From the first line to the last, repeat the records exactly and skip the pictures.

--- SUPPLIED DATA Enclosed Below ---

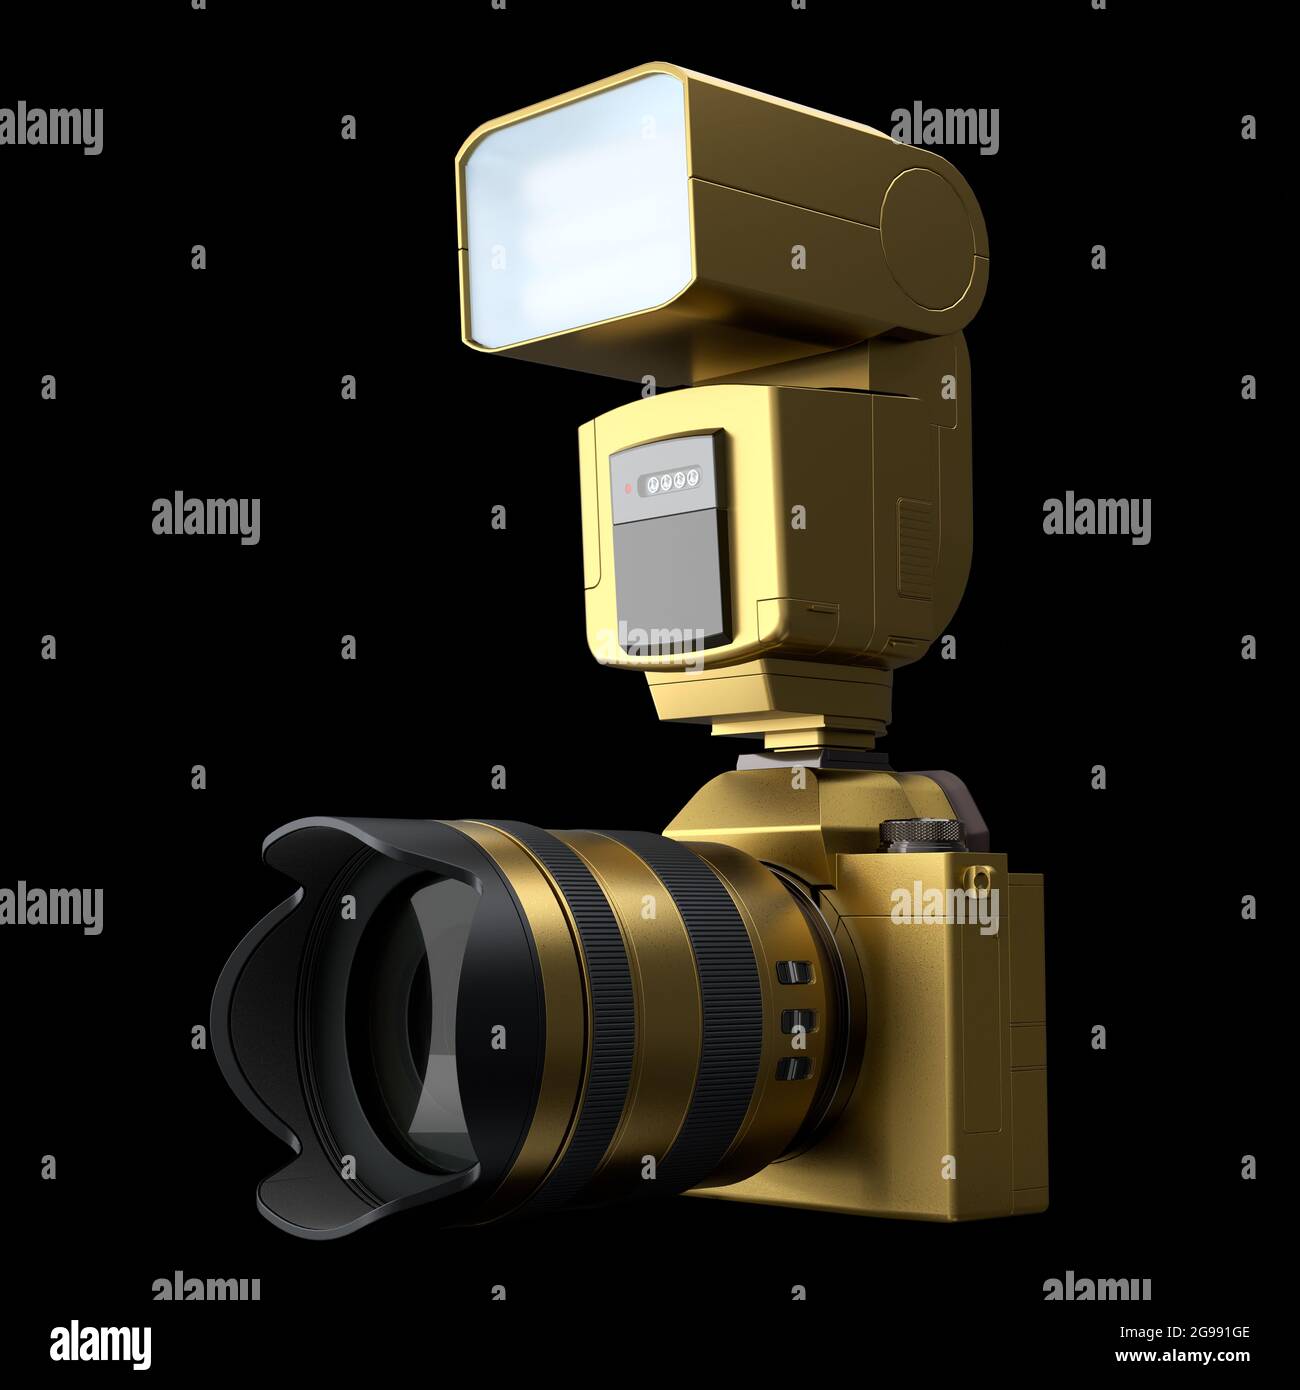 Concetto di oro inesistente DSLR fotocamera con obiettivo e flash esterno speedlight isolato su sfondo nero. Rendering 3D di fotografia professionale Foto Stock
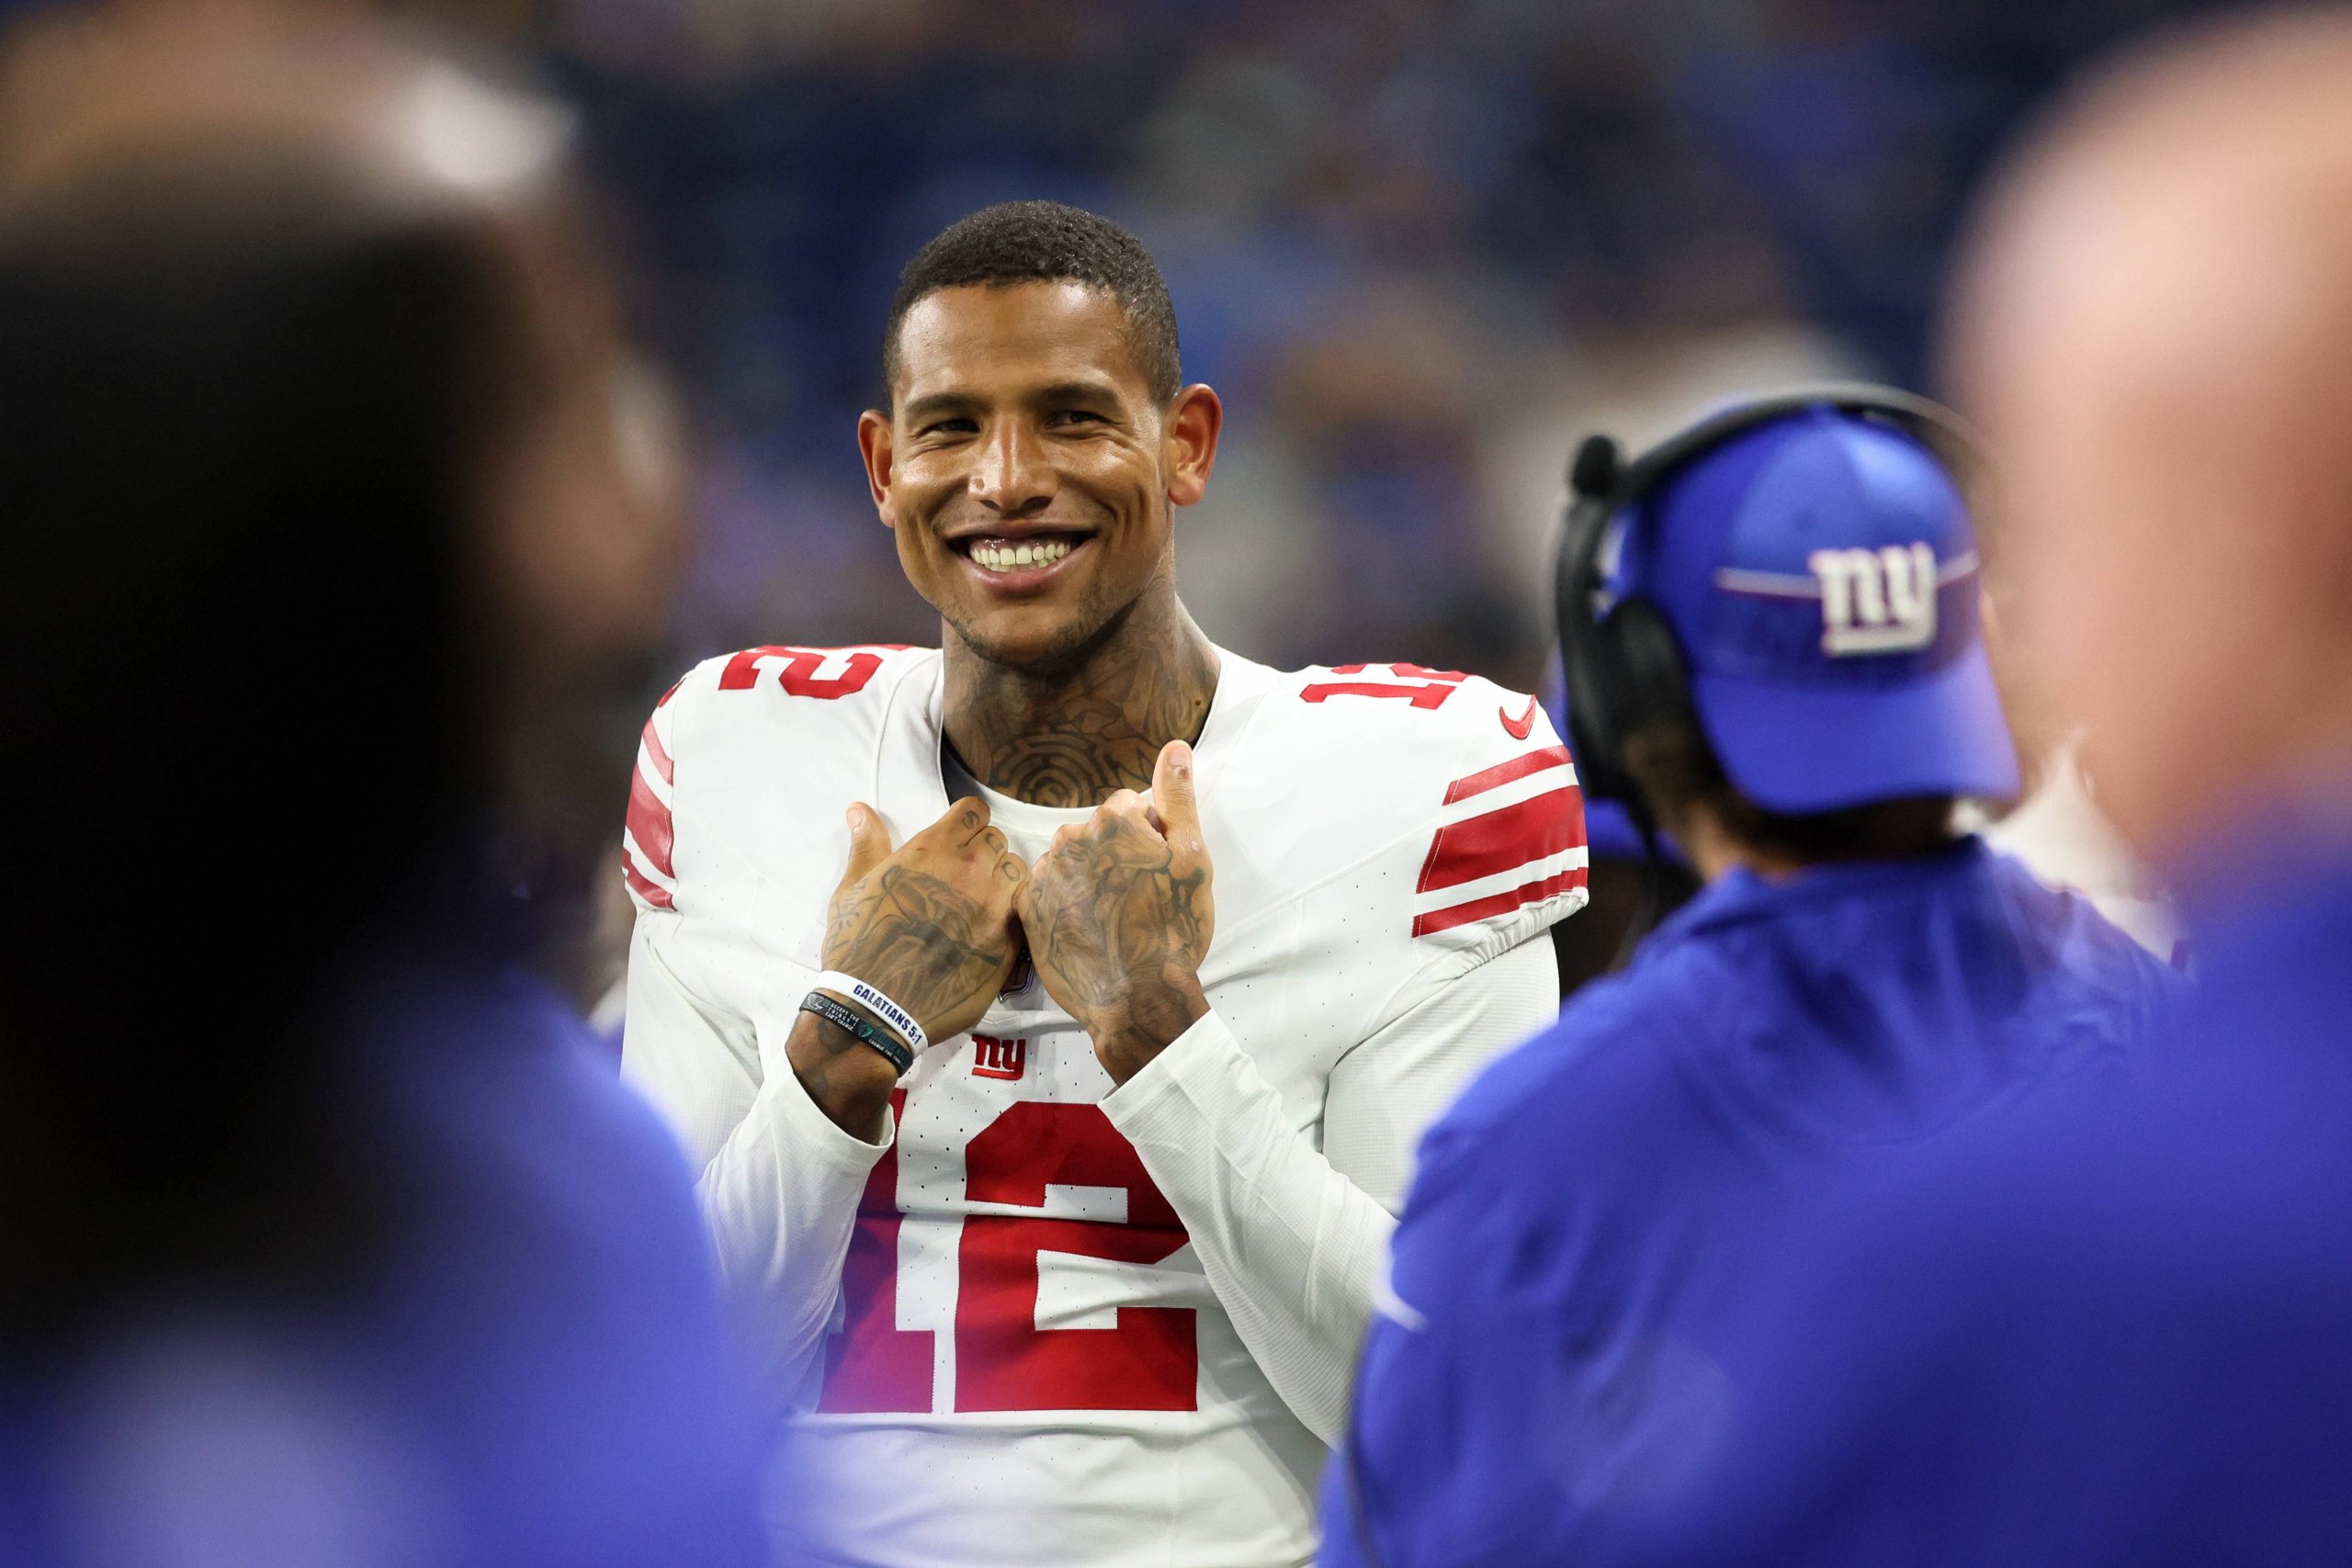 FootballR - NFL - Der Spieler der New York Giants, Darren Waller, lächelt während eines Spiels.
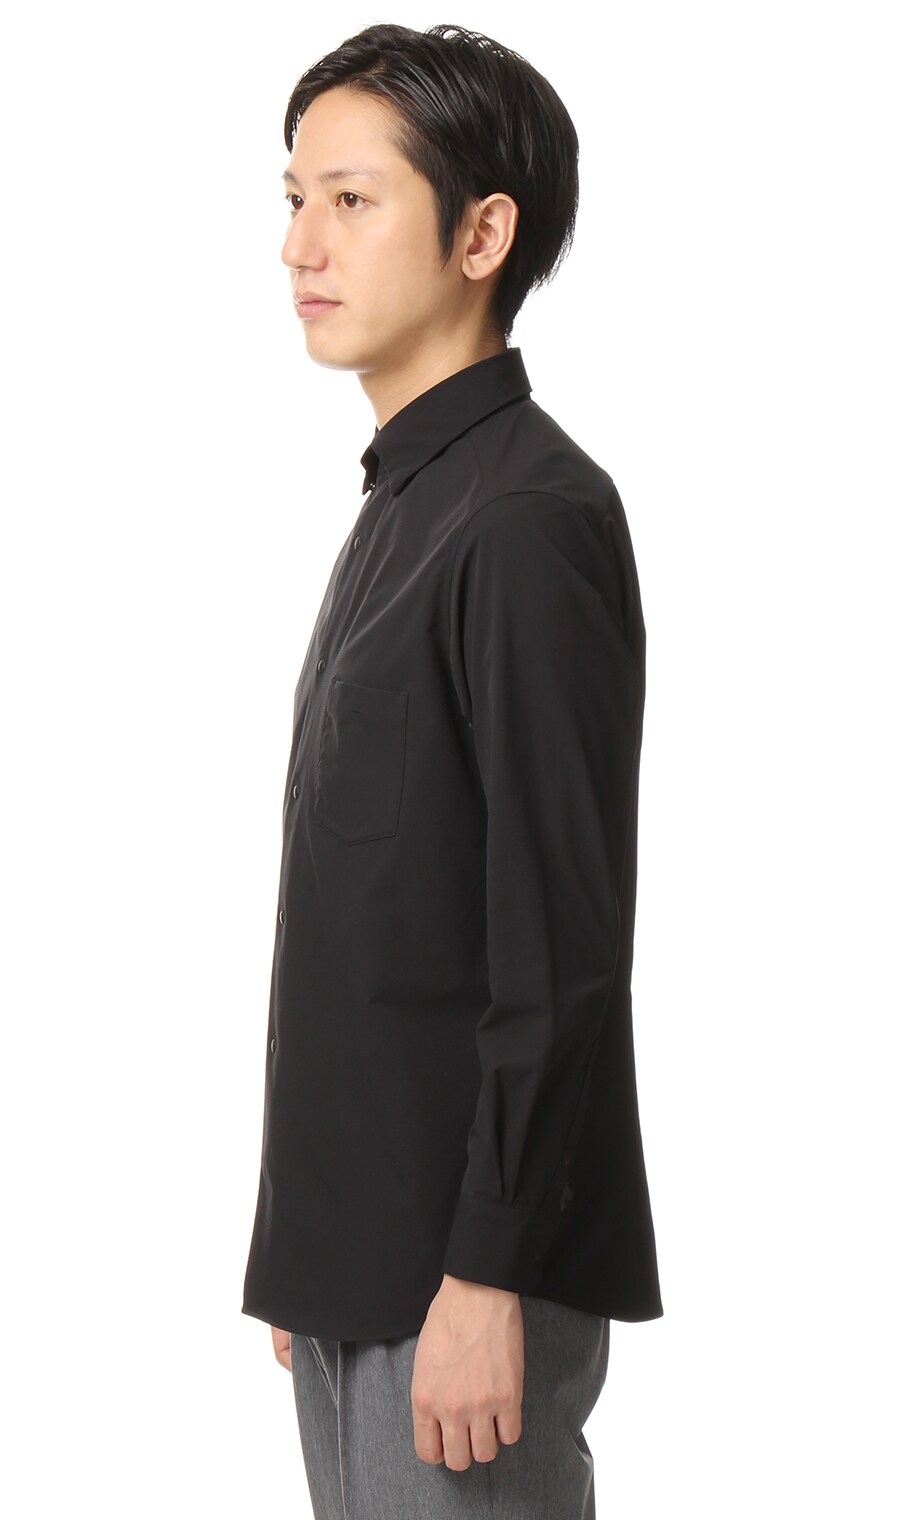 ストレッチスナップボタンダウンシャツ 7757sb194 Za Descente 紳士服 スーツ販売数世界no 1 洋服の青山 公式通販
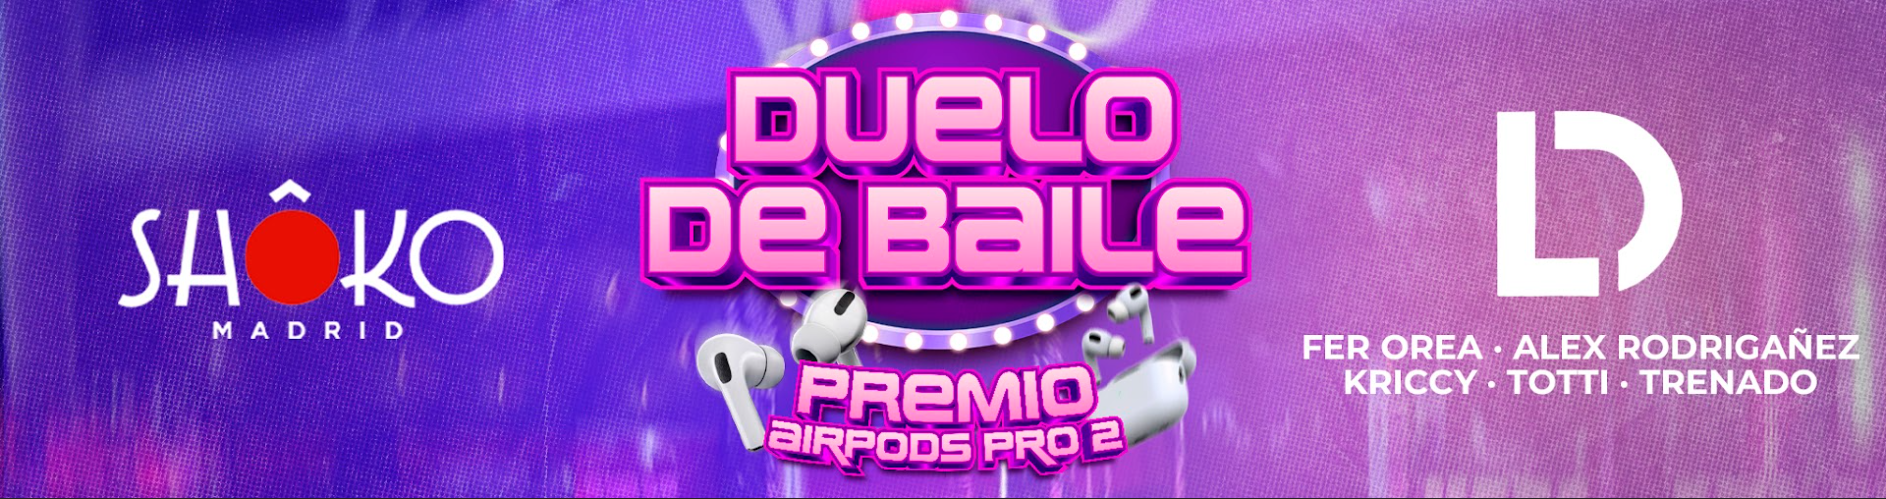 Duelo de Baile + Airpods Pro 2🕺
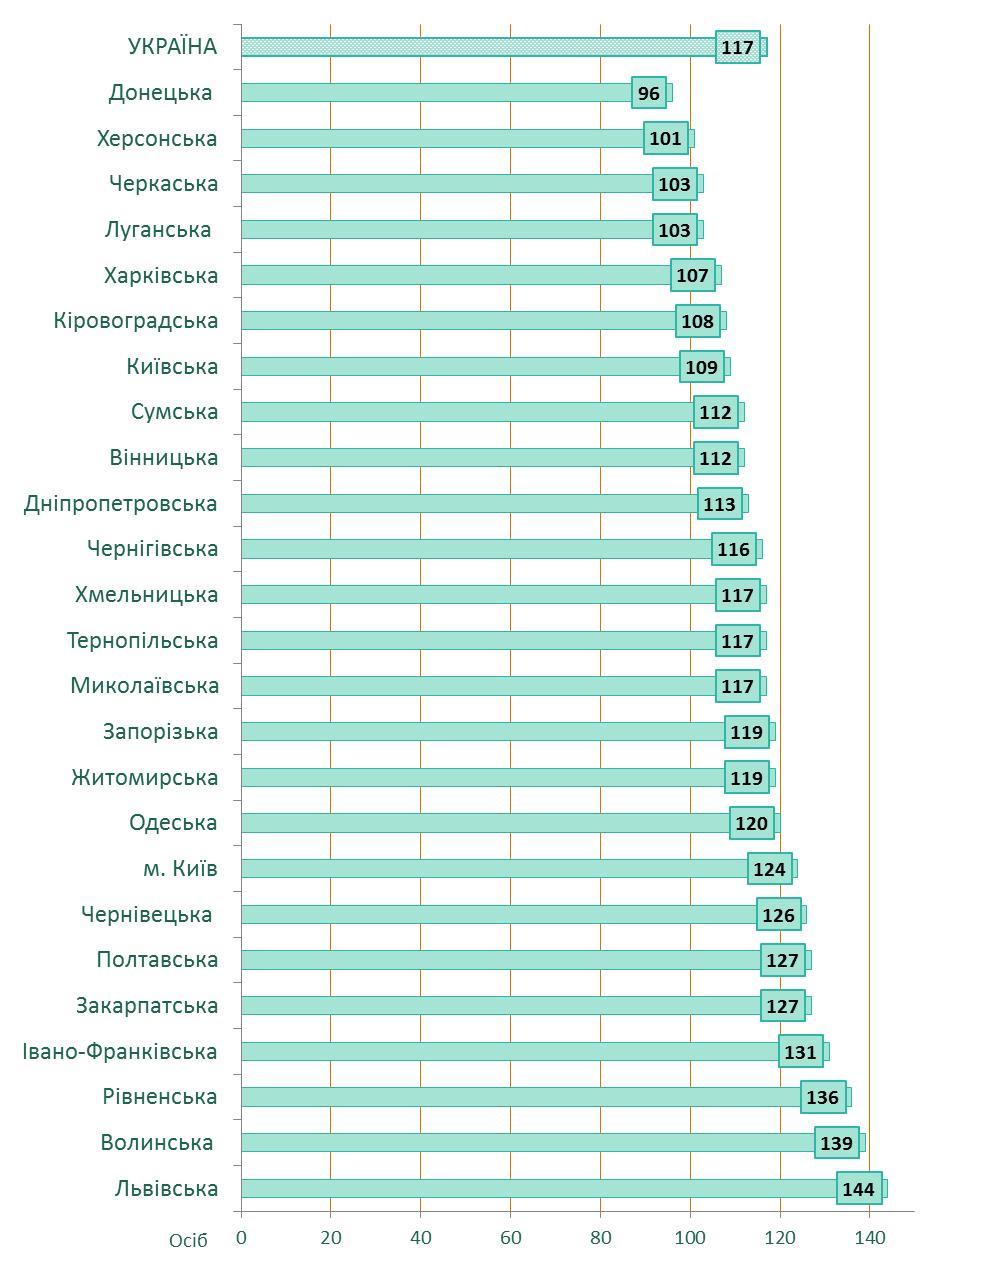 Кількість дітей на 100 місць в ДНЗ України (регіональний профіль), дані Держстат

--- End of Enclosed SUPPLIED DATA ---

▶ **SOLUTION TO THIS PROBLEM**
 Concetto di oro inesistente DSLR fotocamera con obiettivo e flash esterno speedlight isolato su sfondo nero. Rendering 3D di fotografia professionale Foto Stock
 FootballR - NFL - Der Spieler der New York Giants, Darren Waller, lächelt während eines Spiels.
 ストレッチスナップボタンダウンシャツ 7757sb194 Za Descente 紳士服 スーツ販売数世界no 1 洋服の青山 公式通販
 Duelo de Baile + Airpods Pro 2🕺
 Кількість дітей на 100 місць в ДНЗ України (регіональний профіль), дані Держстат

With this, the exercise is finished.